--- AVAILABLE DATA ---

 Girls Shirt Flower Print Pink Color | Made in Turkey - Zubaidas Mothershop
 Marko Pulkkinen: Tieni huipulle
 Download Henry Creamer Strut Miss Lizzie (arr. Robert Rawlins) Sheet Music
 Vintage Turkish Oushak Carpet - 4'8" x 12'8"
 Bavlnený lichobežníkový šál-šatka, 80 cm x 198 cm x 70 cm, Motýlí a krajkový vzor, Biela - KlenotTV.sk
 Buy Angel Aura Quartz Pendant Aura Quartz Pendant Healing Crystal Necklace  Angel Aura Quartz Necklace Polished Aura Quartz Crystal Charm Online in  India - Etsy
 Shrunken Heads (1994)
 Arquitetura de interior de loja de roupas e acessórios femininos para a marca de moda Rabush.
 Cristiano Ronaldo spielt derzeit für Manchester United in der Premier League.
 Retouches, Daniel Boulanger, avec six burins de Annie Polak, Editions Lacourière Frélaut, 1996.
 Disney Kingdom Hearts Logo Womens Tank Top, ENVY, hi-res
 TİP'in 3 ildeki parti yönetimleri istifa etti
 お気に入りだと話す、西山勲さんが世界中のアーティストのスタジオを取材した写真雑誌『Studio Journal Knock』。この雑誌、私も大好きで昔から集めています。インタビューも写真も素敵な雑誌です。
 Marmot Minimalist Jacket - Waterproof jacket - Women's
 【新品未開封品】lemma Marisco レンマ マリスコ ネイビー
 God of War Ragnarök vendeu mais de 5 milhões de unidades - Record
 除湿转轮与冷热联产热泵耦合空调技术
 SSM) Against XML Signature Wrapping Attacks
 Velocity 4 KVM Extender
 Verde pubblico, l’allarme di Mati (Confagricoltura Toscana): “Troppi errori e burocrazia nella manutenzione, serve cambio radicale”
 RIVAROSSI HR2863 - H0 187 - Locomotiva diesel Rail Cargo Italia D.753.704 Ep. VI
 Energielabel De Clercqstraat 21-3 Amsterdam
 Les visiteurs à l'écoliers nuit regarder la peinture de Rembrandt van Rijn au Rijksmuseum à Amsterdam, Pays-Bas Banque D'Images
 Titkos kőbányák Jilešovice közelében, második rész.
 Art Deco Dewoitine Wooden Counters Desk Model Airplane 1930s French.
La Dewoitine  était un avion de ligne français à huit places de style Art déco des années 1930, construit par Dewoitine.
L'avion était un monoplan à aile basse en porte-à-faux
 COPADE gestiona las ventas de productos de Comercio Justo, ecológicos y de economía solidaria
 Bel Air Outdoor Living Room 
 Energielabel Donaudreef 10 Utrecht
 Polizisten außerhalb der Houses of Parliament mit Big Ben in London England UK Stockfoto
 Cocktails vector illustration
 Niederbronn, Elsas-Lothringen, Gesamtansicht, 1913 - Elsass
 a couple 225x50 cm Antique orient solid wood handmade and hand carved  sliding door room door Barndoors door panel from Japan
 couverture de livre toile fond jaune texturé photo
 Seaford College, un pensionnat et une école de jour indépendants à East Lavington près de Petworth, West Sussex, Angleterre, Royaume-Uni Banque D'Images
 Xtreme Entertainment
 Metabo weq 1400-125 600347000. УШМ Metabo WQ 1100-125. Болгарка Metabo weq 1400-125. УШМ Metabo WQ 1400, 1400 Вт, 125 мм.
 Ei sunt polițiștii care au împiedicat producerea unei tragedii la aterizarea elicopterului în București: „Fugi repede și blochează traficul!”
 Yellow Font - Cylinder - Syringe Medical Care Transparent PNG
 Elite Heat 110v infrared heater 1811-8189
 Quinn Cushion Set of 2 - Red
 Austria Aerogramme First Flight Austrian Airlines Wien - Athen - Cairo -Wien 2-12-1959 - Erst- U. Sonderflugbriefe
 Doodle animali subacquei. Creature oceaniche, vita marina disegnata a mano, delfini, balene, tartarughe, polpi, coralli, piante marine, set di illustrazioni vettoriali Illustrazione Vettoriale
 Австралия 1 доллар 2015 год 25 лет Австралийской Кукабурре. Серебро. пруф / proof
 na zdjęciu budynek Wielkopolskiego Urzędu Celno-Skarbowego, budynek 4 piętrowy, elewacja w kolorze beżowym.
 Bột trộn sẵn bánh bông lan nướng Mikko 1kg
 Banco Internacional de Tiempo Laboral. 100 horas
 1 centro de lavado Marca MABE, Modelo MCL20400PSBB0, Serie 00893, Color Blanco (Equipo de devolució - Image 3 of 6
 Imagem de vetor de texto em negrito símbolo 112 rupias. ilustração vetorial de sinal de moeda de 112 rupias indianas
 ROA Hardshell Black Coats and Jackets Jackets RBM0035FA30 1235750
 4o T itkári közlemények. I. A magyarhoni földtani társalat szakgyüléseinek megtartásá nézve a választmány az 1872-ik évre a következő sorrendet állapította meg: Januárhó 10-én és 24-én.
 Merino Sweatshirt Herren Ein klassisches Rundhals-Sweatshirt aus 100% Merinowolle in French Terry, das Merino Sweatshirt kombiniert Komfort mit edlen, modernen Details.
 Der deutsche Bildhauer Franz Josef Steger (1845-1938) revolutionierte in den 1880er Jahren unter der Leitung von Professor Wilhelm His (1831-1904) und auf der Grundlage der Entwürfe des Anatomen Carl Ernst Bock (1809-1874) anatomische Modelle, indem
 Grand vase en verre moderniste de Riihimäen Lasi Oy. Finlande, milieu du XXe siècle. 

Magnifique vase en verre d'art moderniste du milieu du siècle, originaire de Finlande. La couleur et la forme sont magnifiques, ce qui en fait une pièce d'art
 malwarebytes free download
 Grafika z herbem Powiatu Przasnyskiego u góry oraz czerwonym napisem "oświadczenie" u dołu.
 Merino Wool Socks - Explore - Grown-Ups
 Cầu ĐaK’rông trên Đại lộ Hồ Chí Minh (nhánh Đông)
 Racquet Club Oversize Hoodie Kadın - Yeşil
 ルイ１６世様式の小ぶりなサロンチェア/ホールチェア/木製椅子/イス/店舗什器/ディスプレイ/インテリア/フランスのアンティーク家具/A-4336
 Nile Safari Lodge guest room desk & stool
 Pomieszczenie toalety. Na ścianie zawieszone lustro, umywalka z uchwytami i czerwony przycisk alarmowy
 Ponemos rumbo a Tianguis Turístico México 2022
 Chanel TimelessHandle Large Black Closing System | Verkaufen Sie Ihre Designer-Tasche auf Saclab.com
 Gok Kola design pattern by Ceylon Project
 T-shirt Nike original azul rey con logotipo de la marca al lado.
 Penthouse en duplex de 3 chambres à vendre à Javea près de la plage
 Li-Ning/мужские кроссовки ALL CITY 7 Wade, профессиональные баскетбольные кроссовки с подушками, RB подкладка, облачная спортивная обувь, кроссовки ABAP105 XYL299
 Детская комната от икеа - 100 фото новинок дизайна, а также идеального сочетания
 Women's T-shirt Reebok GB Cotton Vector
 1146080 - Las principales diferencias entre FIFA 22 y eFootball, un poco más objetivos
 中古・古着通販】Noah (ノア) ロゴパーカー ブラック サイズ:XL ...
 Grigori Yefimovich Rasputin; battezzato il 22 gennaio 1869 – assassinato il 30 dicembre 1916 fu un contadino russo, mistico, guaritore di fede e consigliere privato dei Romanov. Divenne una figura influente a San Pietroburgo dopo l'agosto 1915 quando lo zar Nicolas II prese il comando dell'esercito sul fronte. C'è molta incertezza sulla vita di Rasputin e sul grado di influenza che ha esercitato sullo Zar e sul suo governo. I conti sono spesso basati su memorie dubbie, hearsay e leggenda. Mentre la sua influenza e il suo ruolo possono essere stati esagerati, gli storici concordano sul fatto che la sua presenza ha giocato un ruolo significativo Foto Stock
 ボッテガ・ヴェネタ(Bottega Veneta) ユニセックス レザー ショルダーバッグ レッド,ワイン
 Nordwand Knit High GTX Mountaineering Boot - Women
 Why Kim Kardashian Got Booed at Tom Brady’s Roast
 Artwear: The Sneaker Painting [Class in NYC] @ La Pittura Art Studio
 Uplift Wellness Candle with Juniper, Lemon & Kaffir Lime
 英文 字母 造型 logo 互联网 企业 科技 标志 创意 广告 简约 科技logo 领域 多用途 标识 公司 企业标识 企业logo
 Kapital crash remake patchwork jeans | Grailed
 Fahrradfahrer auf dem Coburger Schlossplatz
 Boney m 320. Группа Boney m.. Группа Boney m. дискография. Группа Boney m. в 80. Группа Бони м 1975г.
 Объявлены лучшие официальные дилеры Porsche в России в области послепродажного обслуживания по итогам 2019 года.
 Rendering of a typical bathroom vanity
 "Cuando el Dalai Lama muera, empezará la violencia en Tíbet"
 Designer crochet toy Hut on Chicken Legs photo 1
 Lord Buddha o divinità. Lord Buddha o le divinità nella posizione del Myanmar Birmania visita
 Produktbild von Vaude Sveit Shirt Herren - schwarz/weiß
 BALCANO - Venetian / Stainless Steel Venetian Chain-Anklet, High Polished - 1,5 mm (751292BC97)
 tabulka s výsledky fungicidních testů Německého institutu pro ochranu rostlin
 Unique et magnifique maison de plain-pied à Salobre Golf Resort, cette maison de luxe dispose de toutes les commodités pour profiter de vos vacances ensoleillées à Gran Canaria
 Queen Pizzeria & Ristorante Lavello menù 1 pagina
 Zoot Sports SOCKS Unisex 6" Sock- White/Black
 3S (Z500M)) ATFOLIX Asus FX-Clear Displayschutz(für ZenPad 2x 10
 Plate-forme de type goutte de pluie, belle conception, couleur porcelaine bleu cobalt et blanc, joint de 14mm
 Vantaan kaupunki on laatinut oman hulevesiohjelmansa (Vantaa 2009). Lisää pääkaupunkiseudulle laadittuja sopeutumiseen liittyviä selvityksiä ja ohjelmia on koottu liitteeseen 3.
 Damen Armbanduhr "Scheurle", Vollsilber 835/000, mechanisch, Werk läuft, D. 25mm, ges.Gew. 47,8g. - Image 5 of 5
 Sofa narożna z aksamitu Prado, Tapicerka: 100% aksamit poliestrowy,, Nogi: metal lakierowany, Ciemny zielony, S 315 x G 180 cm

---

Check each line of the listing above for the string "moderniste". Report only how many have it.

2